La giga-autoroute qui relie les Congolais aux 4 pts Cardinaux

Menu

Choix de l'Editeur

 
Web congolite.com

La rentrée parlementaire, les slogans pour rire et les Résistants de l'an zéro

17 septembre 2008 - Dans un article intitulé "Le RD Congo et ses rentrées. Pas grand-chose à attendre", nous avons essayé d'indiquer, en partant de l'analyse des faits politiques congolais, que les changements substantiels ne s'opéreront pas sur la scène politique congolaise tant que nos institutions seront animées par la majorité d'acteurs politiques actuels. Cette thèse, nous la soutenons depuis la prise du pouvoir du duo Kabila-Gizenga sans que les faits la démentent. A cette prise du pouvoir, nous avions rédigé un article intitulé "Le Congo actuel n'ira nulle part". A ce jour, cet article garde son actualité et les échanges que nous avons eus avec certains parlementaires congolais (et pas les moindres!) de passage à Paris, Londres, Rome et Bruxelles enfoncent le clou. Dieu merci! La rupture avec la politique de la chaise vide permet que certains de nos compatriotes siégeant dans les institutions actuelles de notre pays soient d'un apport très précieux pour les résistants congolais et tous les luttants appelant de tous leurs cœurs l'avènement d'un Congo prospère et respectueux des règles démocratiques. En plus des échanges verbaux, les NTIC facilitent des échanges écrits à même de conduire à une connaissance approfondie de la façon dont fonctionne la machine Kabila-Gizenga. Après avoir échangé avec tous ces compatriotes, entendre "certains honorables" soutenir qu'à cette rentrée parlementaire (comme du temps de Mobutu) "tout va changer", "tout doit changer" au sein de ces institutions (Assemblée nationale et Sénat), l'envie nous prend de rire de colère. Pourquoi? Ces "honorables" savent, pour la plupart, qu'ils mentent.

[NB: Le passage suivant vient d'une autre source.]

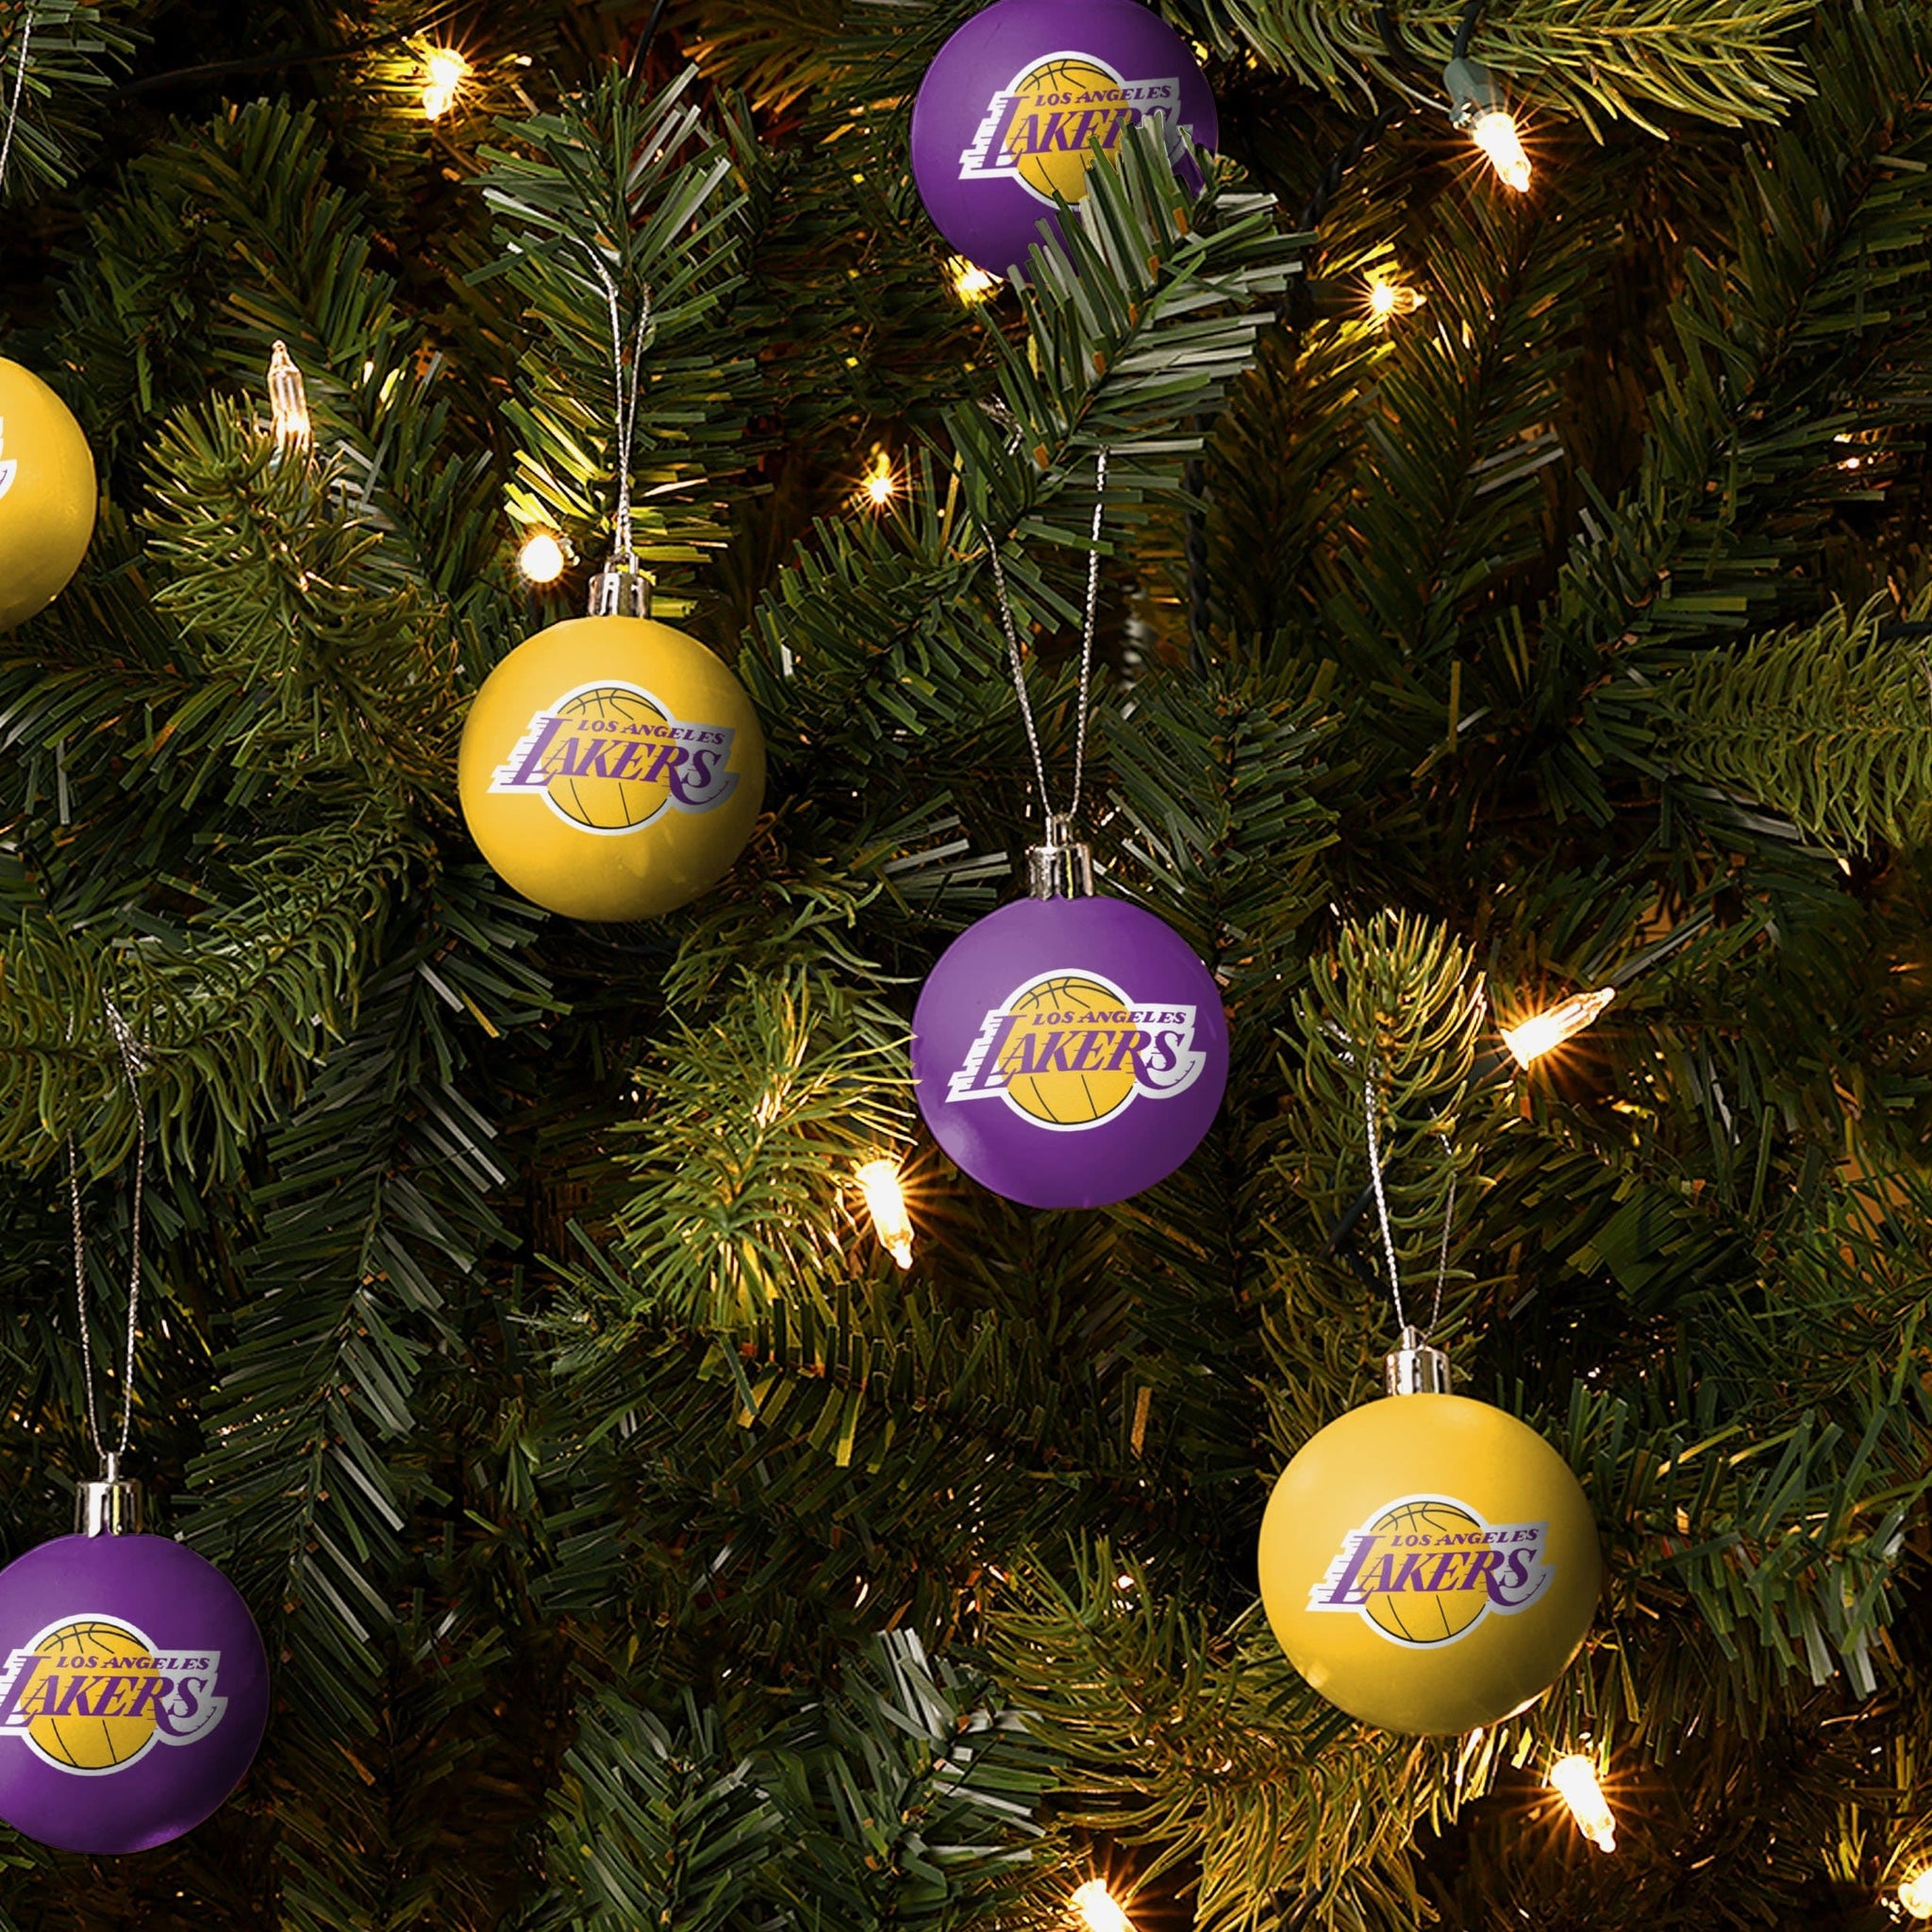 Los Angeles Lakers Fan Buying Guide, Gifts, Holiday Shopping

Si le temps nous a permis de nous rendre compte que les instituions politiques congolaises regorgent de compatriotes de grande qualité et que l'assertion "tous pourris" ne pourrait pas s'appliquer à tous ces messieurs et à toutes ces dames indistinctement, il nous a aussi conforté dans la conviction selon laquelle les dignes filles et fils de notre peuple n'ont pas encore tous les leviers du pouvoir politico-économique chez nous. Il y a là une tension à assumer en conscience pour répondre à cette question : "Comment faire, au Parlement, pour que les minorités pensantes aient de l'emprise sur la majorité de laudateurs sans conviction politique sérieuse et opportuniste?" Répondre à cette question appelle un retour sur nos échanges de vacance et sur une période bien déterminée de notre marche historique.

Quand "les honorables" sont francs

Les vacances ont rendu possibles les rencontres avec certains "honorables" congolais. Loin des escadrons de la mort de Kinshasa, autour d'un verre de bière et dans une atmosphère amicale et/ou fraternelle, certains d'entre eux se sont confiés, la main sur le cœur, à leurs compatriotes vivant en Occident. Certains de leurs propos résument le calvaire actuel du Congo. "Nous avons un président (incapable) qui, pour décider, doit écouter plusieurs de ses conseillers visibles et invisibles. Son manque d'expérience politique et l'insuffisance de sa culture politique jouent en défaveur du Congo quand il lui arrive d'être invité à décidé sur certains questions d'intérêt général sans ses béquilles", avouent certains. D'autres disent ceci : " La vérité est dure mais il faut la partager. Au sein de nos institutions, nous ne réfléchissons plus. Les perles rares éprises du travail de la pensée sont presque toujours applaudies quand ils défendent un dossier congolais au Parlement. Malheureusement, ces applaudissements ne sont pas suivis d'effets. Les votes faits après ne suivent pas." L'un des motifs justifiant ce revirement est le suivant : "Beaucoup de "nouveaux politiciens" sont les esclaves de la famille, de la tribu ou de l'ethnie. Avoir un peu plus de sous leur permet de satisfaire aux appétits matériels de tous leurs clients." Les plus francs parmi eux se confient à certains de "leurs vieux" en ces termes : " Vieux omoni, makambo oyo owuti koloba eza ya solo, vieux na ngai. Kasi oyebi, nazali na batu ebele na ndako, koleisa bango eza mpasi. Il faut na débrouiller kaka…" (Cher aîné, tout ce que vous venez de dire est vrai. Mais, vous savez que pour porter le poids familial, il faut que j'aie suffisamment d'argent…)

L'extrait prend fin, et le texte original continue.